For this, maybe it would be better to explain it in a meeting, but let's us try here. The data estimated samples come from data where we select events with one tight lepton and one loose lepton, or two loose leptons. Events with two loose leptons in data are used to be subtracted from the one tight and one loose lepton region to avoid double counting the QCD contribution. In addition, we use simulated events with one tight and one loose lepton -with two generator level lepton- to subtract the real lepton contamination. In short, neglecting the QCD contribution, we can say that N_fakes=(N_data(tight-loose)-N_MC_dilepton(tight-loose))*fake_rate/(1-fake_rate). We have added the full formula in Section 6.5.

• 6.6 First you have some confusion between the charge misID and the scale factor (the difference between this in MC and data). Then I think there is a factor two missing. If you use di-lepton events to check the charge, you have 2x the charge ID per lepton. You should divide by two. Of course if you apply later to ee, you recover the 2, but that is not the case for emu. And you should also correct emu. Didn't you check the dependence with Pt?

Unfortunately the explanation was not correct, and it was referring to an earlier stage of the analysis, this has been fixed in the AN, and summarized here too.The charge mis-ID rate is measured in 5 eta bins taking into account all combinations, i.e. there are 25 different eta1-eta2 regions and 5 charge mis-ID rates to measure. A chi2 fit is performed to obtain the charge mis-ID rates in data and simulation. No significant pt scale factor dependence was found, as shown in the attached figure.

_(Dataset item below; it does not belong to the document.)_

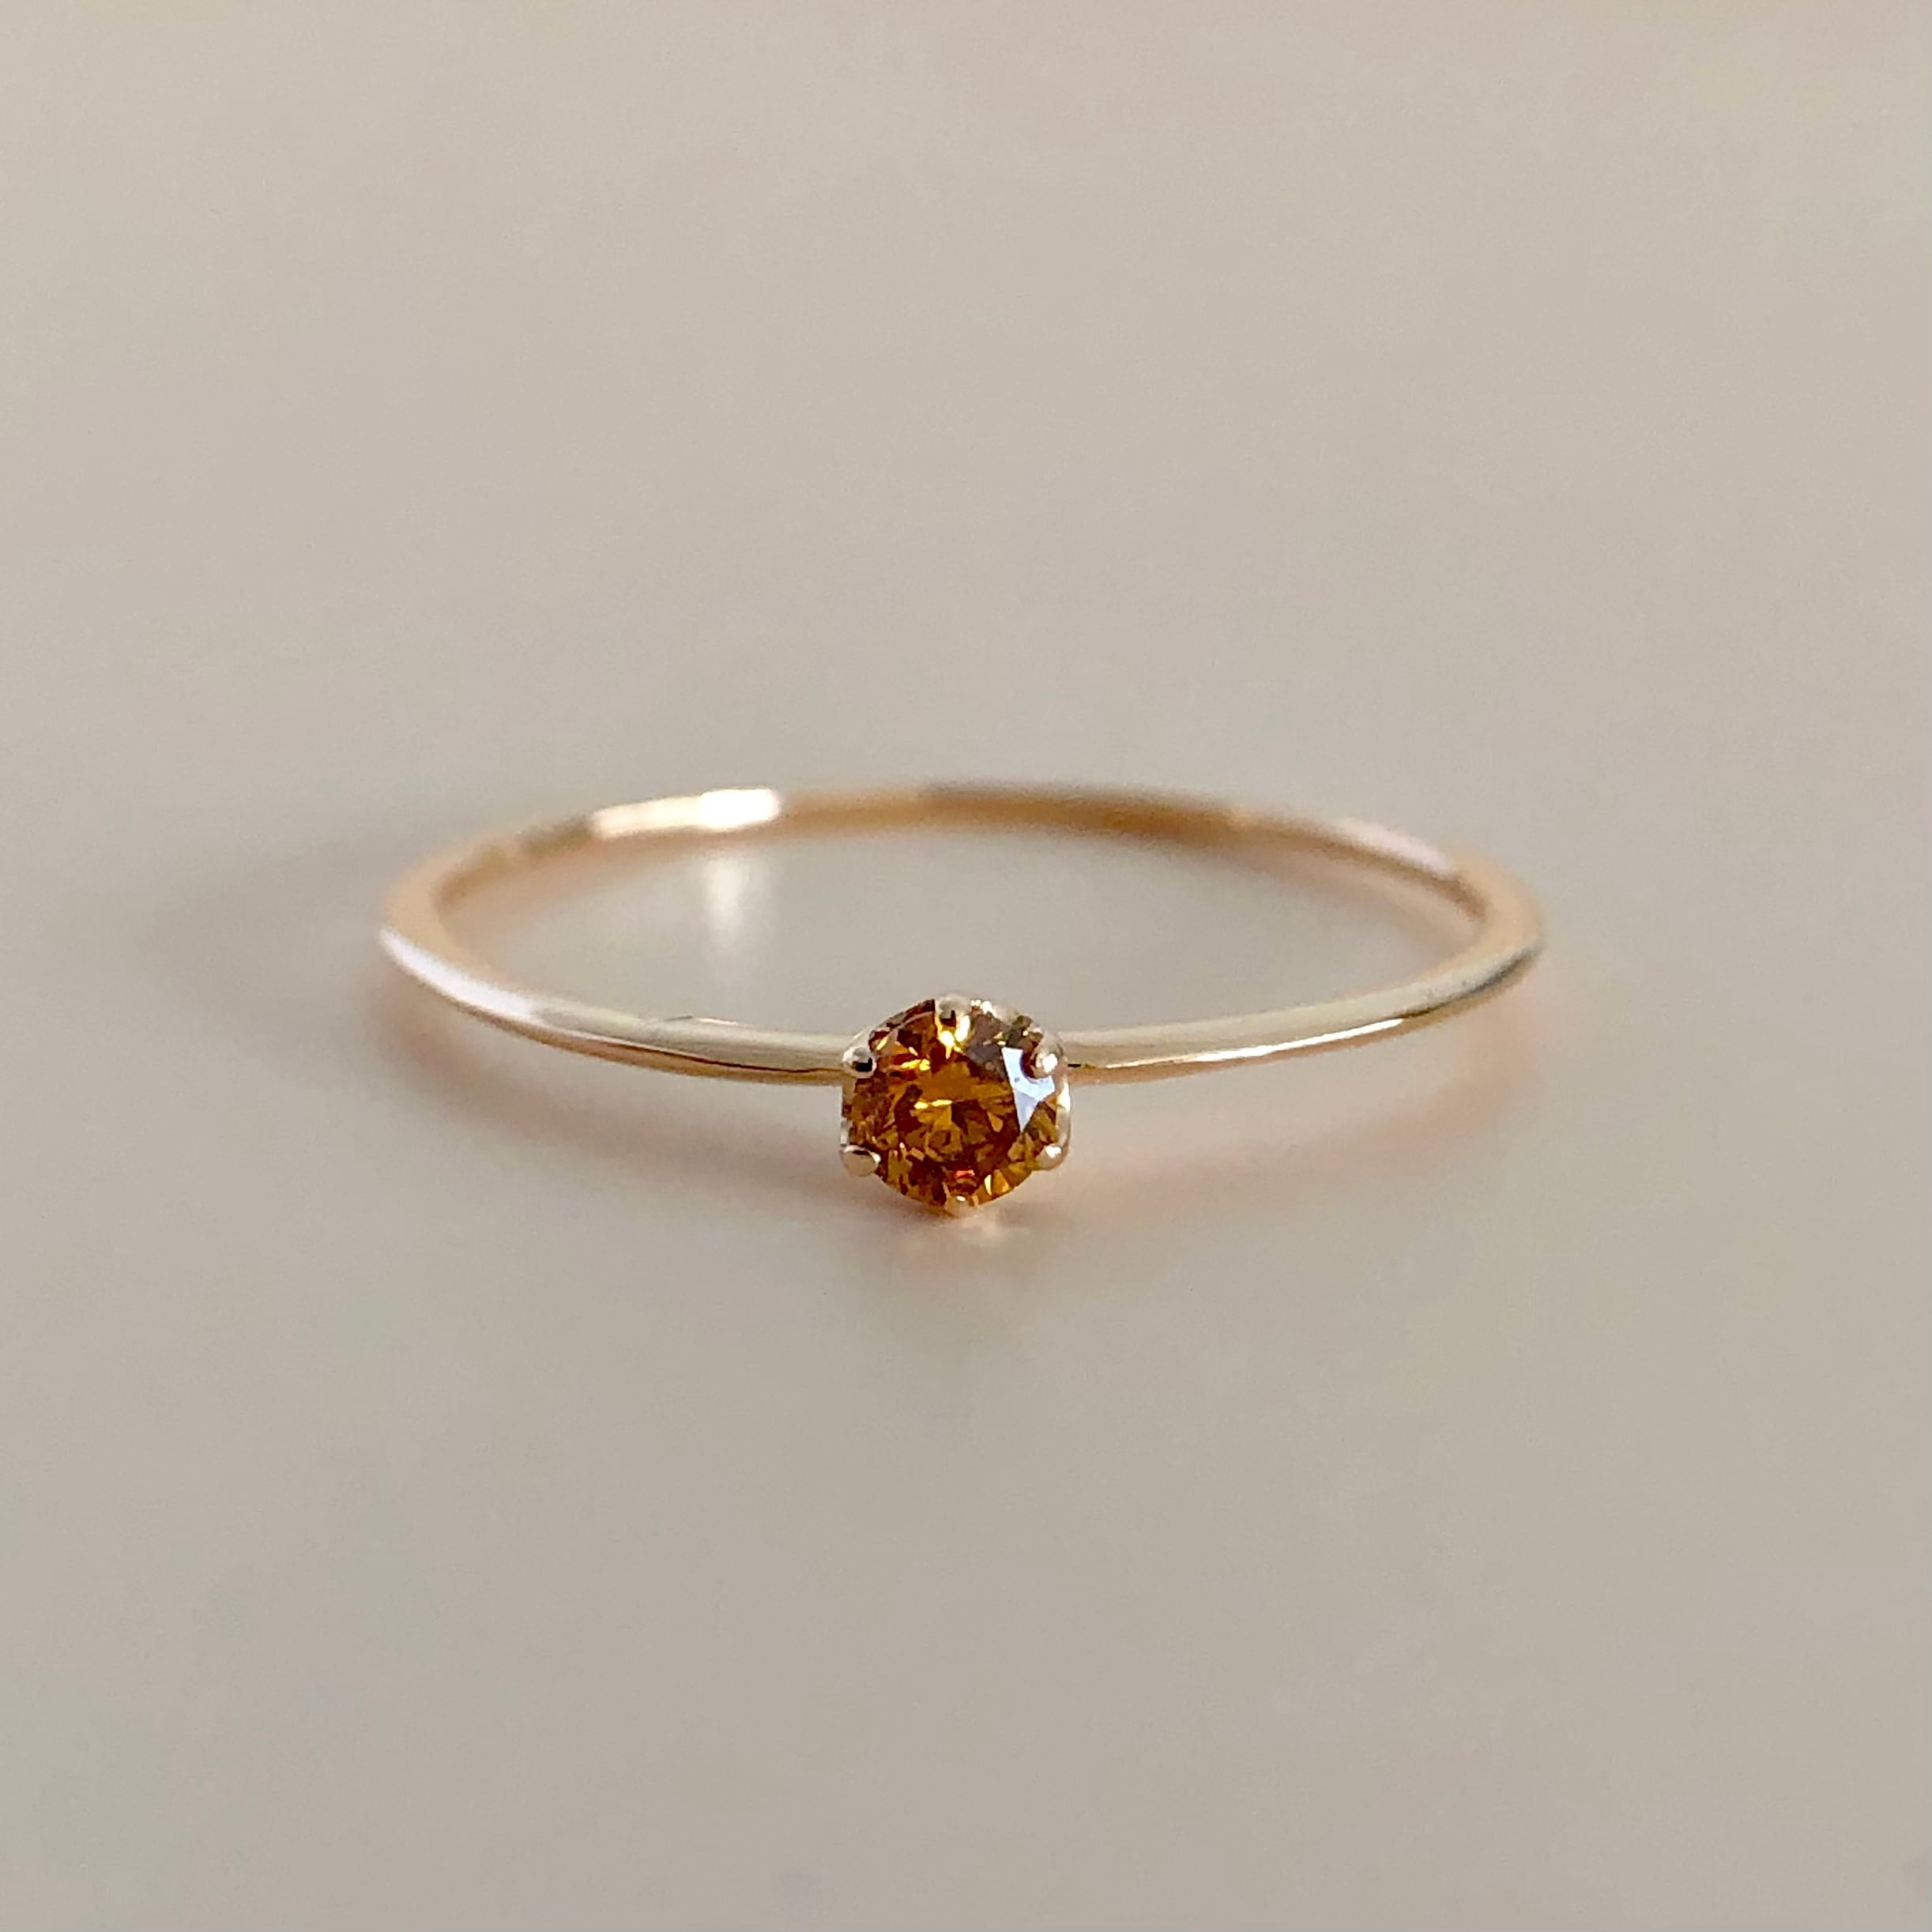 オレンジッシュブラウン ダイヤモンド ミルククラウン リング  0.07ct  K18ピンクゴールド チェカ 鑑別書

• 7.2, it is not clear to me what you do with these comparisons. It is just a check and you are fine demonstrating there is sort of an agreement? You calculate a SF from here? Or maybe you add a systematics? the same for 7.3, 7.4, 7.5 etc

We have clarified the text a bit (see introduction of Section 7) The first region described below is included in the final fit to constrain the WZ background normalization, while the rest of them are just different checks on the different background processes.

• 7.6 what do you mean by "the low met region allows...", you run any quantitative test? You get a SF? ...

It's not a quantitative statement, just a qualitative observation. We simply see that the agreement between data and prediction at low MET is good, which indicates a good prediction of the non-prompt background. Once again, we are just building confidence that the non-prompt normalization agrees with the observations within 30%, it's another check.

• L481-485, do you have numbers supporting your statement that the charge does not help? Looking to table 13 you have very different signal/background for + and -, nearly a factor 4 difference. Also depending on the flavour, but I understand you have too low stats for that yet. Have you envisaged to calculate separate xs for ++ and -- or maybe compute an asymmetry?

If we perform a fit on mjj splitting in ++ and -- (and mm/ee/em), then the expected signal significance is about 5.2sigma, to be compared with the our value of ~5.6sigma. Indeed, we could gain be using mjj, mll, -and- splitting in + and -. The problem is that the statistical uncertainties become too large. This is what we have tried to explain in the AN: Nevertheless, at this stage this produces large statistical uncertainties, and it does not increase the sensitivity in a significant manner; therefore it has not been considered.". In other words, this is something which should add in future version of the analyses (at least splitting in + and -) once a slightly larger dataset becomes available.

• L515 you cannot "assume" a systematic, you have to calculate or justify it

Correct, sorry, wrong text.

• 9.5 Again, you confuse (in the text, i'm sure you are doing right) what is the correction and what is the systematics (the propagation of the error on the correction)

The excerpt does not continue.